3.1 Known true PDFs: multivariate Gaussian distributions

To show the performance of the MLL method with KDE we first analyze toy models generated with multivariate Gaussian distributions of different dimensions,

$$\begin{aligned} \mathcal {N}_{dim}({\varvec{m}},\varvec{\Sigma })= & {} \frac{1}{(2\pi )^{n/2} |\varvec{\Sigma }|^{1/2}} \nonumber \\{} & {} exp\left( -\frac{1}{2}(x-m)^{T} \varvec{\Sigma }^{-1} (x-m) \right) , \end{aligned}$$
(13)

with mean \({\varvec{m}}\), and covariance matrix \(\varvec{\Sigma }\).

Fig. 1
figure 1

Results for the \(\mathcal {N}_{2}({\varvec{m}},\varvec{\Sigma })\) case. Top left panel: output of a single XGBoost classifier. Bottom left panel: averaged output of 10 XGBoost classifiers, defined as \(o(x) = \frac{1}{10}\sum _{i}^{10}o_{i}(x)\). Right panel: comparison between our trained classifier output and the mathematically optimal performance defined in Eq. (6)
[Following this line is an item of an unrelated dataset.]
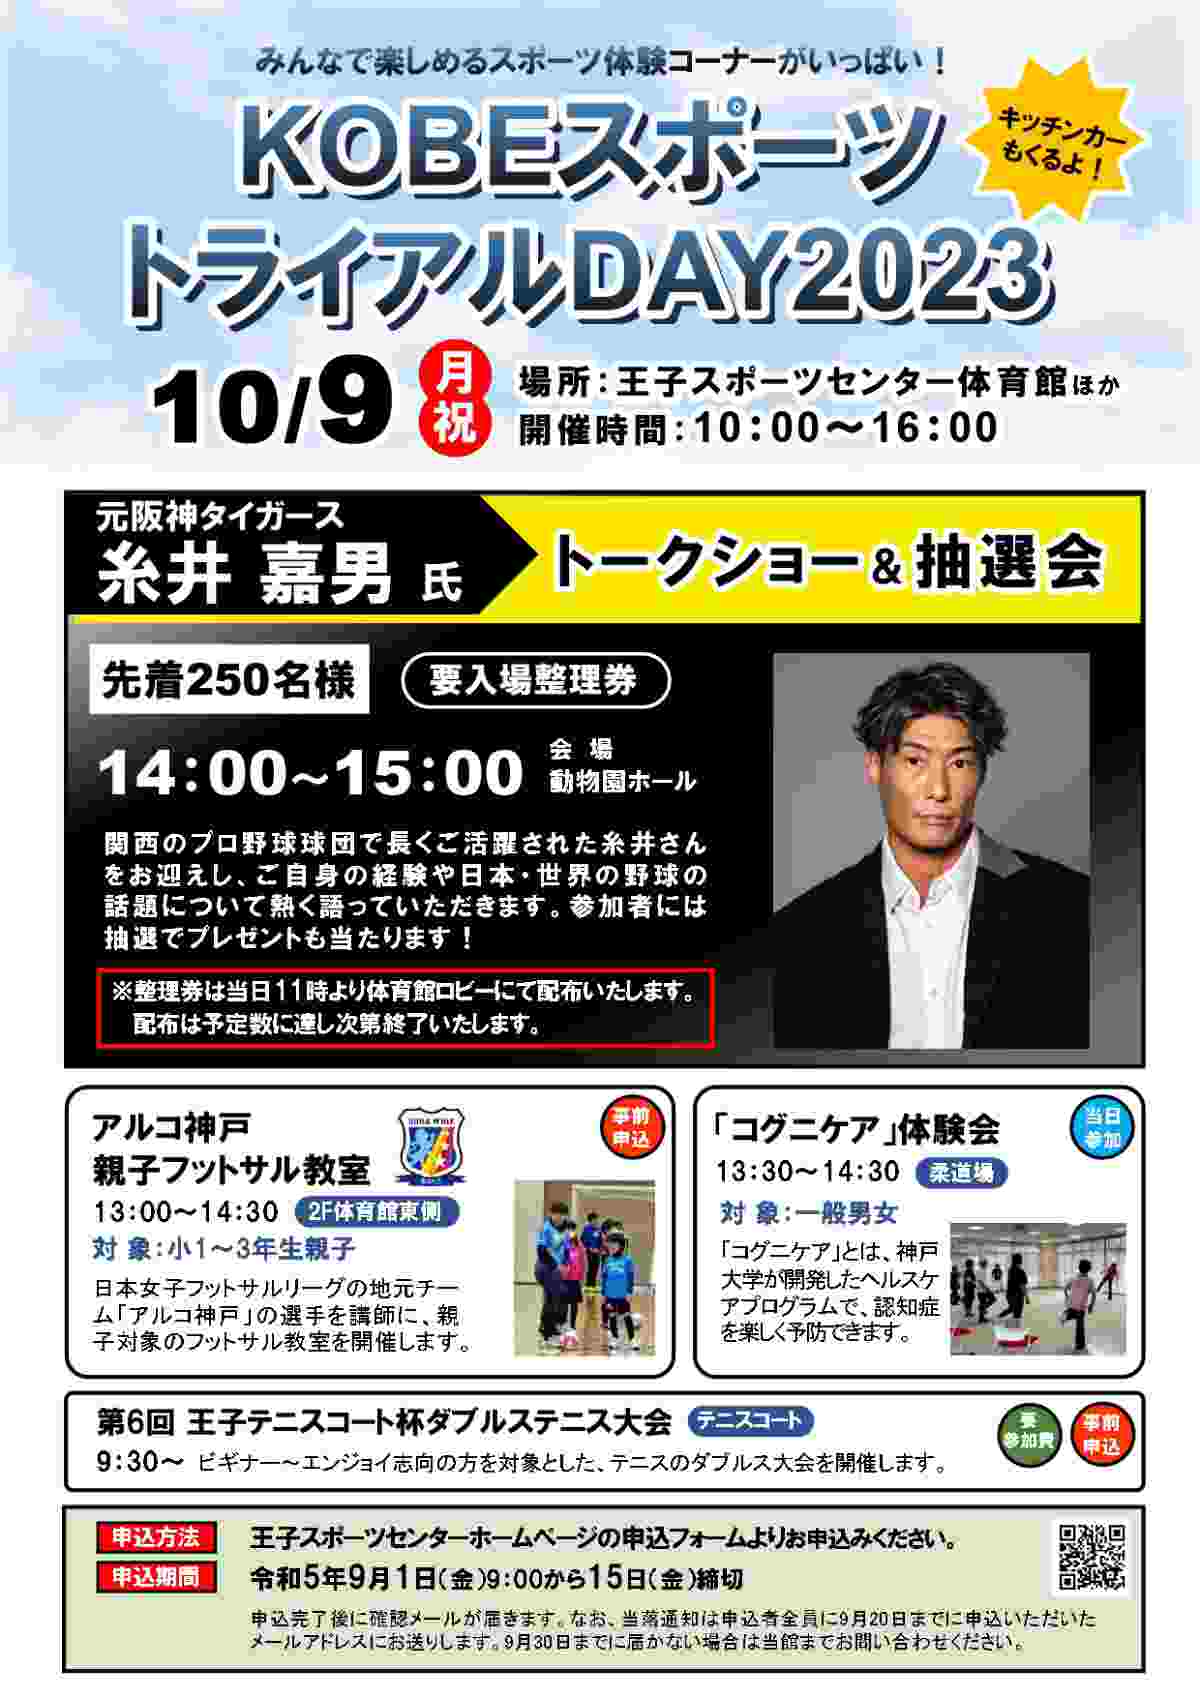 王子スポーツセンターで「KOBEスポーツトライアルDAY2023」開催　神戸市 [画像]
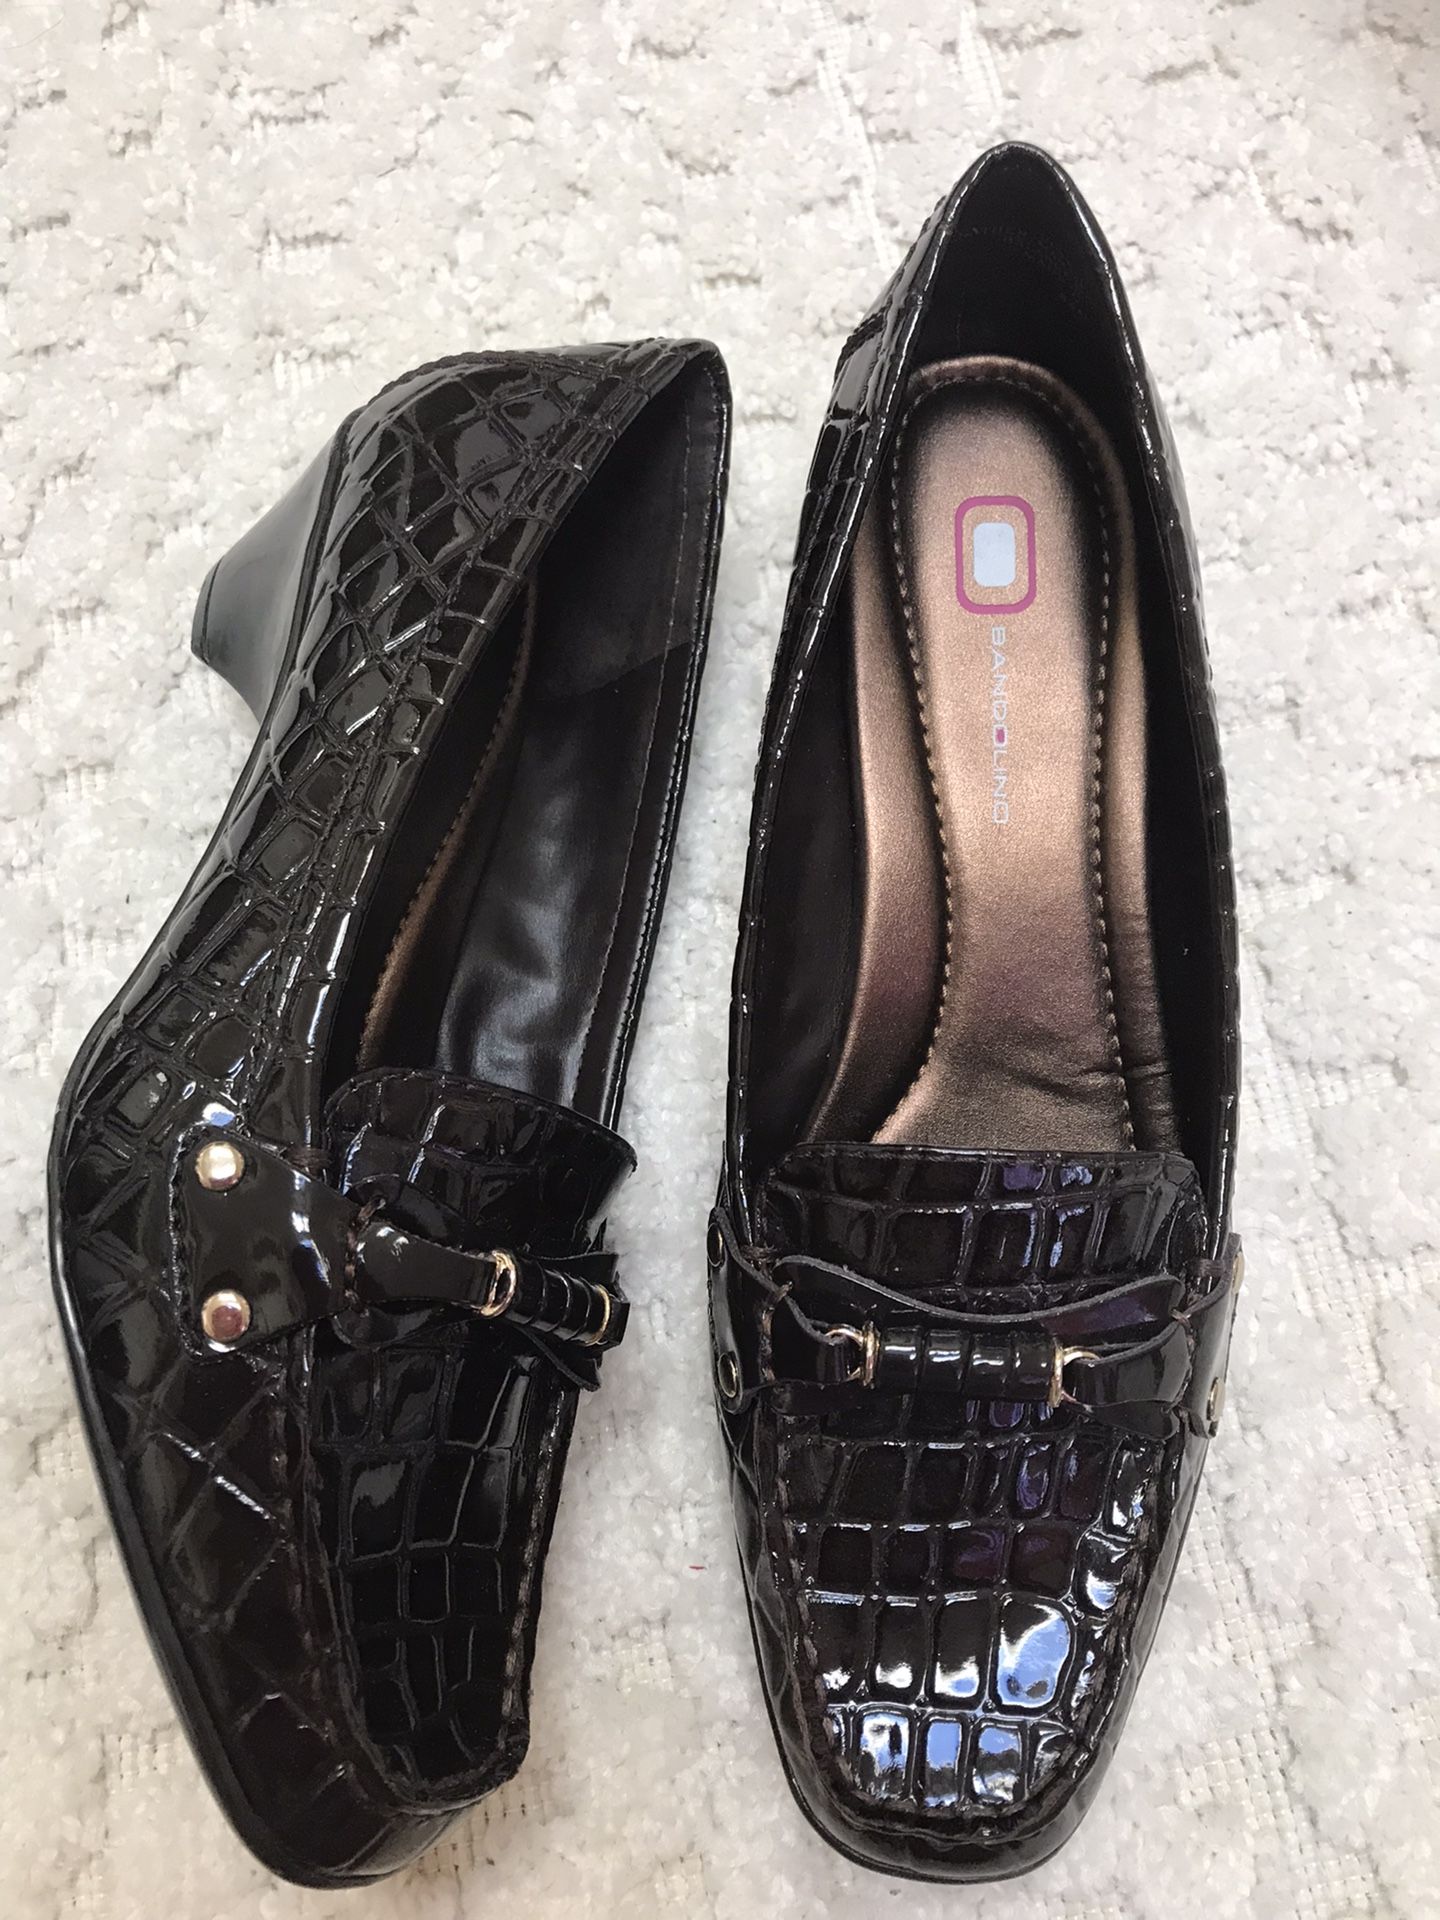 NEW Bandolino Heeled Shoe 8.5 M

We start with the simplest case, consisting of an abstract two-dimensional space \((x_1,x_2)\). Events are generated by Gaussian distributions \(\mathcal {N}_{2}({\varvec{m}},\varvec{\Sigma })\), with \({\varvec{m}} = +0.3 (-0.3)\) and no correlation, i.e., covariance matrices \(\varvec{\Sigma } = \mathbb {I}_{2\times 2}\) for S (B). We trained supervised per-event classifiers, XGBoost, with 1 M events per class (balanced data set), to distinguish S from B. The PDFs obtained from the classifier output, o(x), can be found in the top left panel of Fig. 1, for two new independent data sets of pure signal (blue) and pure background (red) events.

Since in this example we know the true underlying distributions in the original multidimensional space, we can test Eq. (6). In the right panel of Fig. 1 we show, in green dots, the output of one machine learning realization vs. the right-hand-side of Eq. (6) estimated with the real signal and background probability functions. We can observe that the classifier approaches the optimal limit, although there are some small fluctuations around the 1-to-1 line. These fluctuations are independent of the sampling of the data and come from the stochasticity inherent to any machine learning training process. In turn, these fluctuations translate to non-smooth PDFs for the machine learning output of background and signal events, as can be seen in the red and blue shadow histograms in the top left panel of Fig. 1.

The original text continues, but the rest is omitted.